Authors Burke D, Bell R, Al-Adawi S , Alexandroni A, Dorvlo A, Burke D

Received 14 March 2014

Accepted for publication 1 May 2014

Published 12 September 2014 Volume 2014:5 Pages 215—221


Checked for plagiarism Yes

Review by Single anonymous peer review

Peer reviewer comments 3

David T Burke,1 Regina Bell,1 Samir Al-Adawi,2 Ariel Alexandroni,1 Atsu Dorvlo,3 Daniel P Burke4

1Emory University School of Medicine, Atlanta, Emory University, GA, USA; 2Department of Behavioral Medicine, College of Medicine and Health Sciences, 3Department of Mathematics and Statistics, College of Science, Sultan Qaboos University, Muscat, Oman; 4Georgia College and State University, Milledgeville, GA, USA

Background: A preliminary study using the "gravitational wellness" weightlifting technique demonstrated this to be a unique technique for loading the musculoskeletal system with extremely high loads over short arcs. This leads to rapid weekly strength gains using 30-minute weekly training sessions. This study was designed to further assess the benefit–risk ratio of the gravitational wellness weightlifting technique.
Purpose: This descriptive/retrospective study examined musculoskeletal and well-being outcomes as well as injuries reported by consecutive participants at one gravitational wellness gym.
Materials and methods: All adults presenting for training at the Atlanta, Georgia, gravitational wellness system facility over a 6-month period were invited to participate. Data were obtained by telephone interview concerning the presenting complaint/objective of training, subjective outcome, weights lifted, and injuries incurred during training.
Results: Of the 77 participants contacted via telephone, 92% agreed to participate (male, n=40; female, n=31). The participants ranged in age from 18 years to 69 years, with a mean age of 48.6 years. Of these, 42 (59%) presented to the gym with the objective of improving a defined musculoskeletal issue. The modal of these was chronic low-back pain. The subjects realized improvement on a 5-point Likert scale of 4.2/5 for their presenting complaint, and improved by 4.27/5 in their overall subjective health. There were no injuries.
Conclusion: This study of consecutive participants at a gravitational wellness gym found that by lifting large weights over short arcs 30 minutes per week, participants significantly increased their strength, reduced their musculoskeletal pain, improve their subjective well-being, and reported a low rate of injury.

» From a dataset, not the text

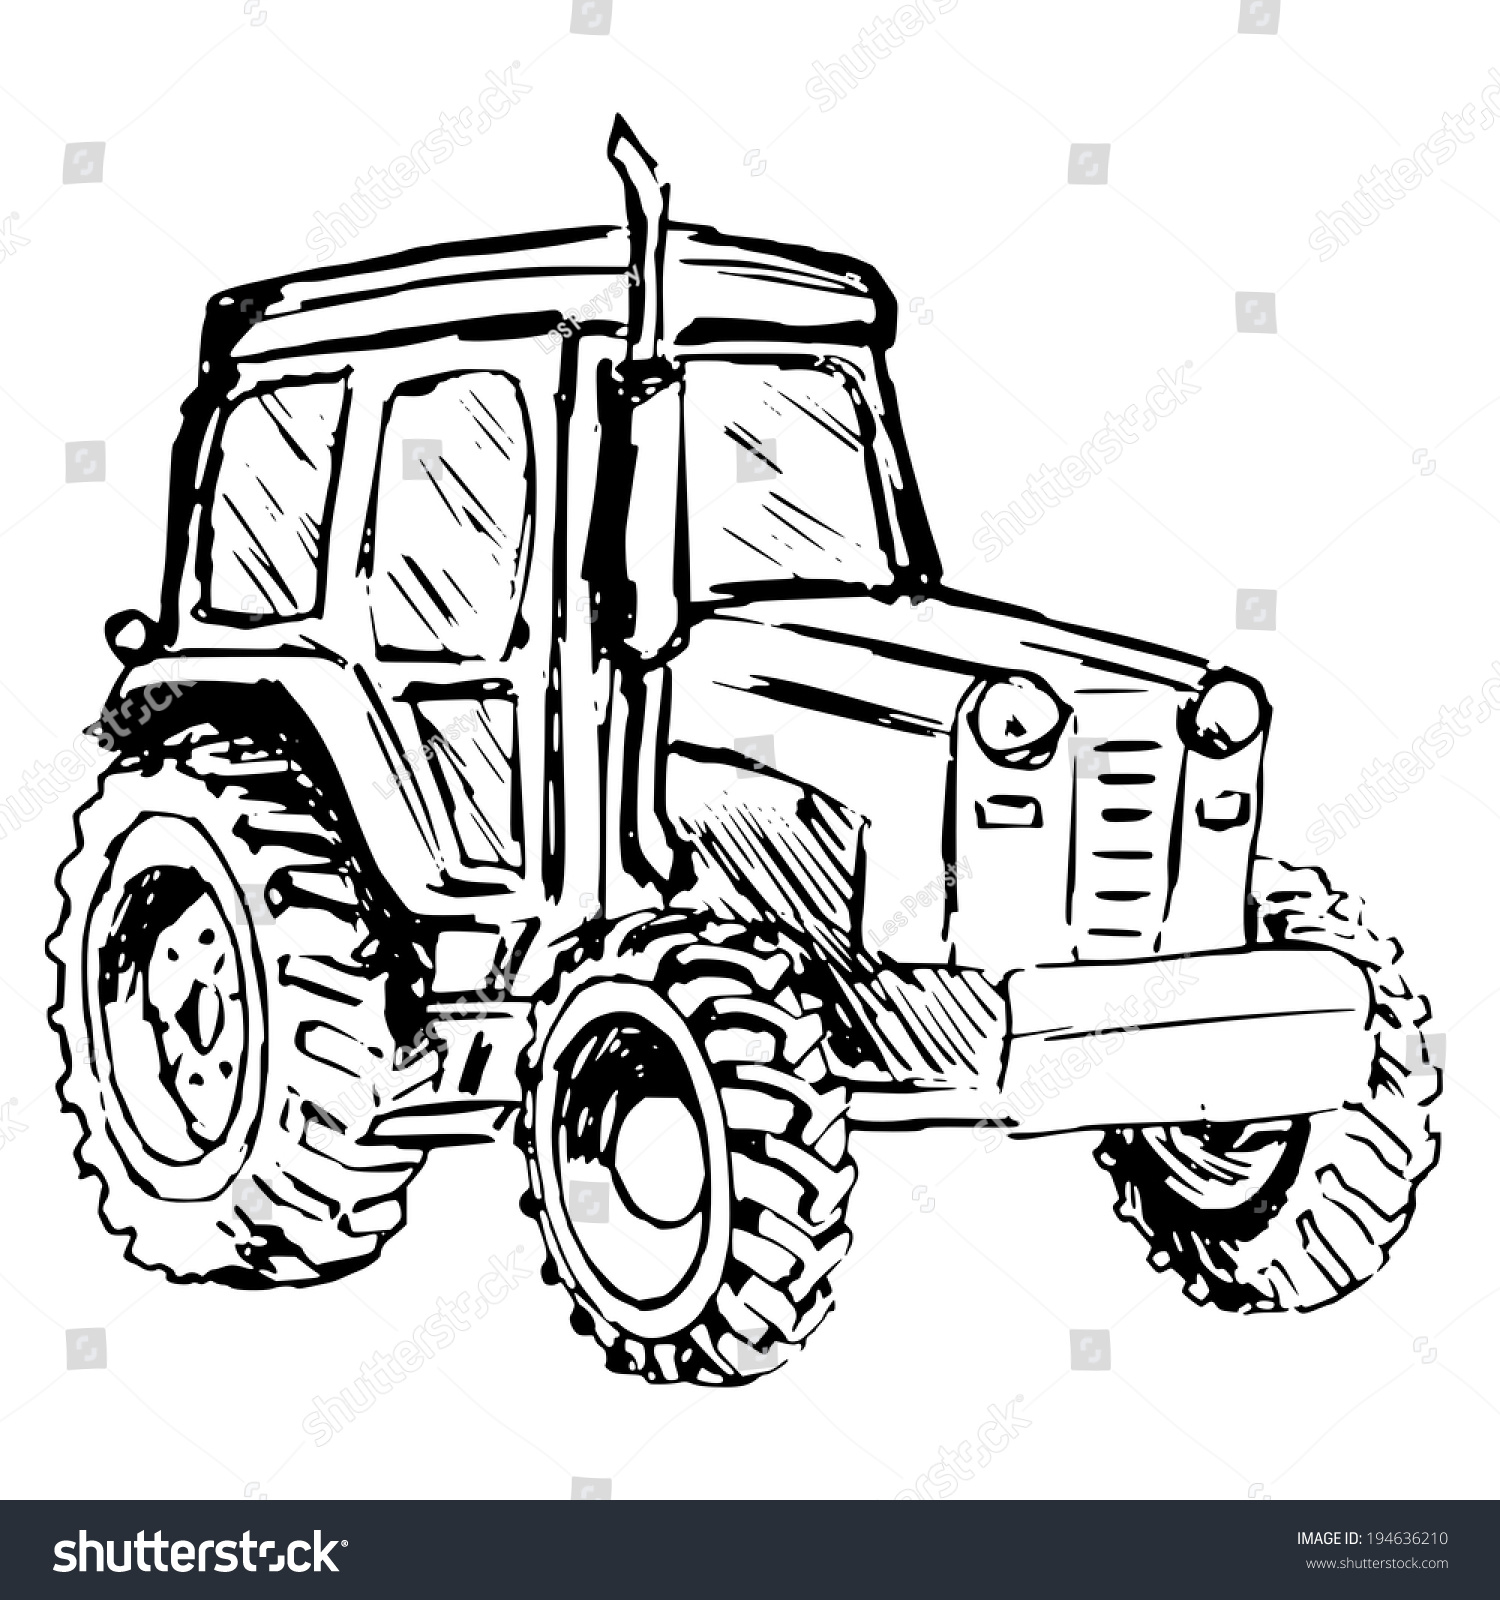 Vintage Tractor Cartoon : Hand drawn cartoon sketch illustration tractor stock

Keywords: gravitational wellness system, rate of injuries, weight training, descriptive study


According to the Centers for Disease Control and Prevention, almost 36% of US citizens over the age of 20 years are obese.1 To address this issue, interventions have been proposed that target physical activity, nutrition, and lifestyle changes.2,3 That exercise has a direct influence on various health parameters is now well recognized. Some have, in fact, advocated that physical activity be considered a vital sign when visiting a physician.4,5 While most exercise studies have focused on aerobic conditioning, a growing number of strength- and power-training studies have demonstrated that these forms of exercise deliver significant health benefits as well.6 Among these benefits, strength training has been found to ease pain and improve quality of life, and may even manage or prevent cognitive and emotional disorders.

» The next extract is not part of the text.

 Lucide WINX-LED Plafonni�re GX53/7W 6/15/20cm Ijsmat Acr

With the recent emphasis on the positive effects of strength training, the popularity of weight training has risen. Between 1998 and 2007, the number of people participating in weight training increased by almost 65%.7 Concurrent with this rise has been an increase in the risk of injury. Some have estimated that 2.4%–7.6% are injured with weight training equipment each year, with the majority of injuries occurring in the lower back or shoulder.7,8 Although not insignificant, when compared to injury rates of high-impact activities or other sports, the magnitude of weight training-induced injury appears to be relatively low.8 Weight training thus appears to have a positive benefit–risk ratio.

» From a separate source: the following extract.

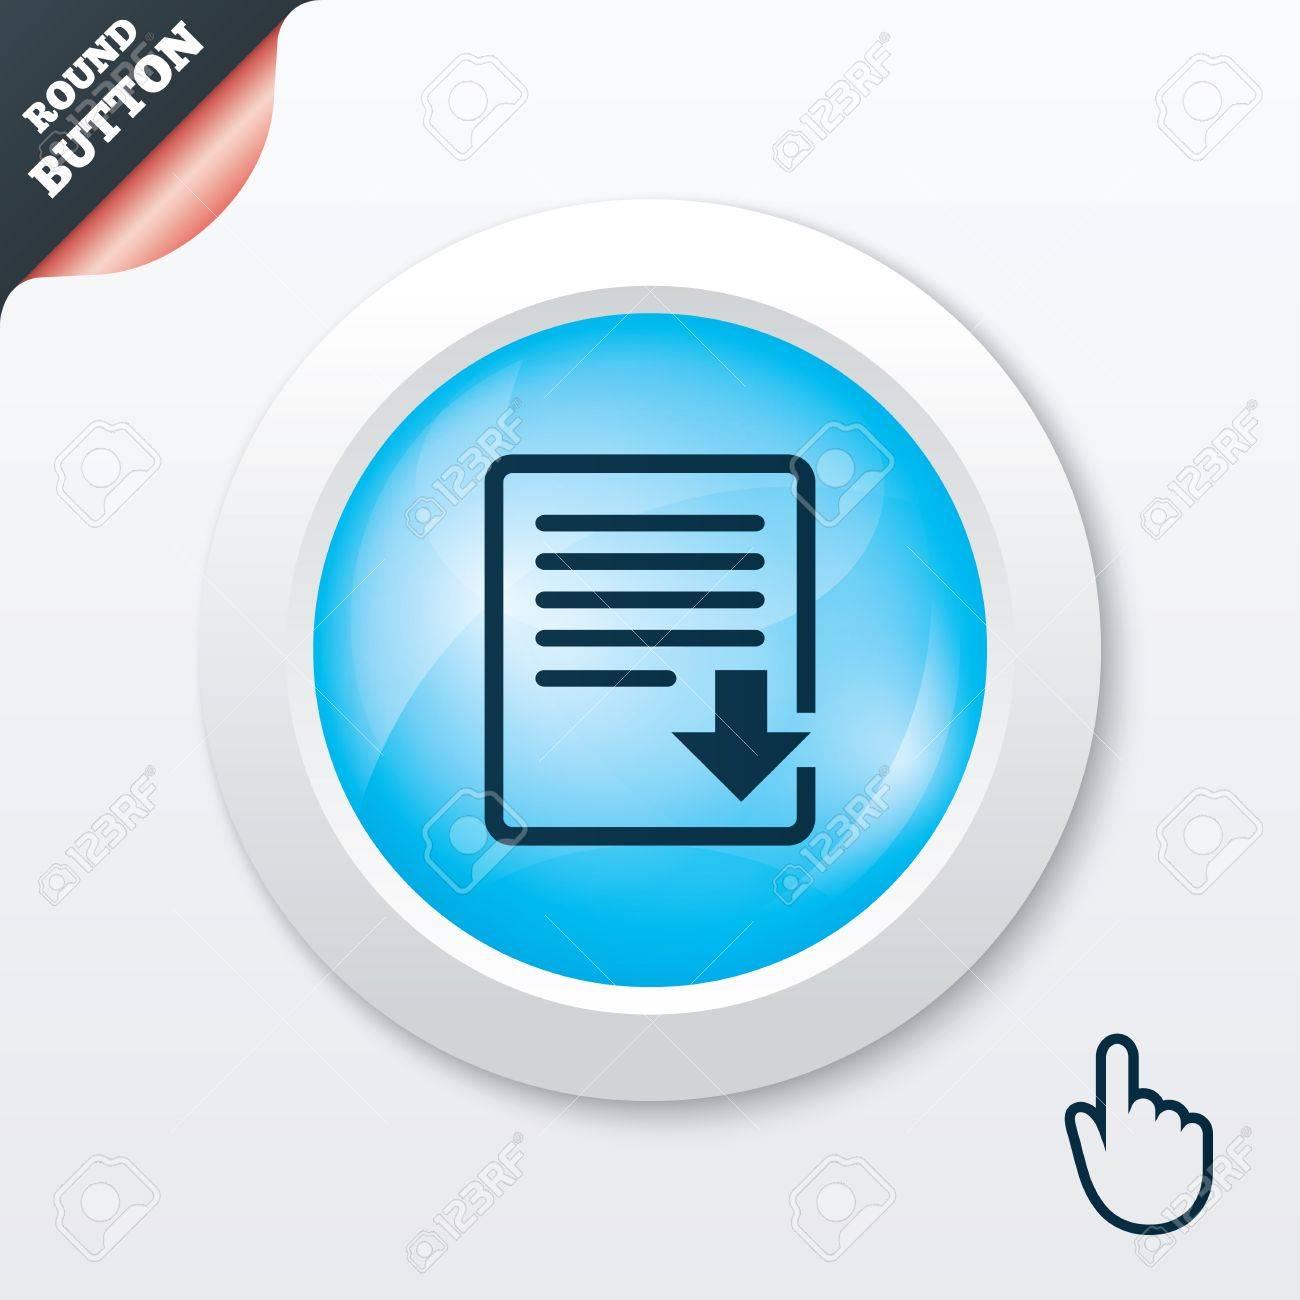 Download file icon  File document symbol  Blue shiny button

When methods by which weight training might be undertaken are considered, two issues must be addressed. One is the frequency of the training, and the other is the intensity. Most methods center on the belief that increased weights will result in improved outcomes.

Resistance training has been shown to improve strength and speed of walking, ultimately resulting in higher scores on such measures as quality-of-life indices.9 Some have argued that virtually all of the benefits of resistance training may be obtained in as few as two 15- to 20-minute training sessions per week.10 One high-intensity weight-training program – the “gravitational wellness” system – has recently been shown to have the capacity to load the musculoskeletal system with uniquely high weights, leading to rapid weekly strength gains using only short, weekly training sessions.11 The gravitational wellness system was developed by a Russian physiologist, Anatoly Samodumov, and brought to the US by Vladimir Chubinsky, a physical therapist. This system evolved to include a weightlifting apparatus that included a wide belt attached to free weights, with a hand-positioning device that allowed the participant to lift high weights over short arcs (Figure 1). The device was considered unique enough that it received patents in both the US and in Russia. In a previous study, a group of middle-aged participants was noted to have progressed to lifting weights averaging over 500 kg.12 The current study was designed to assess the benefit–risk ratio of this very high-intensity weightlifting program.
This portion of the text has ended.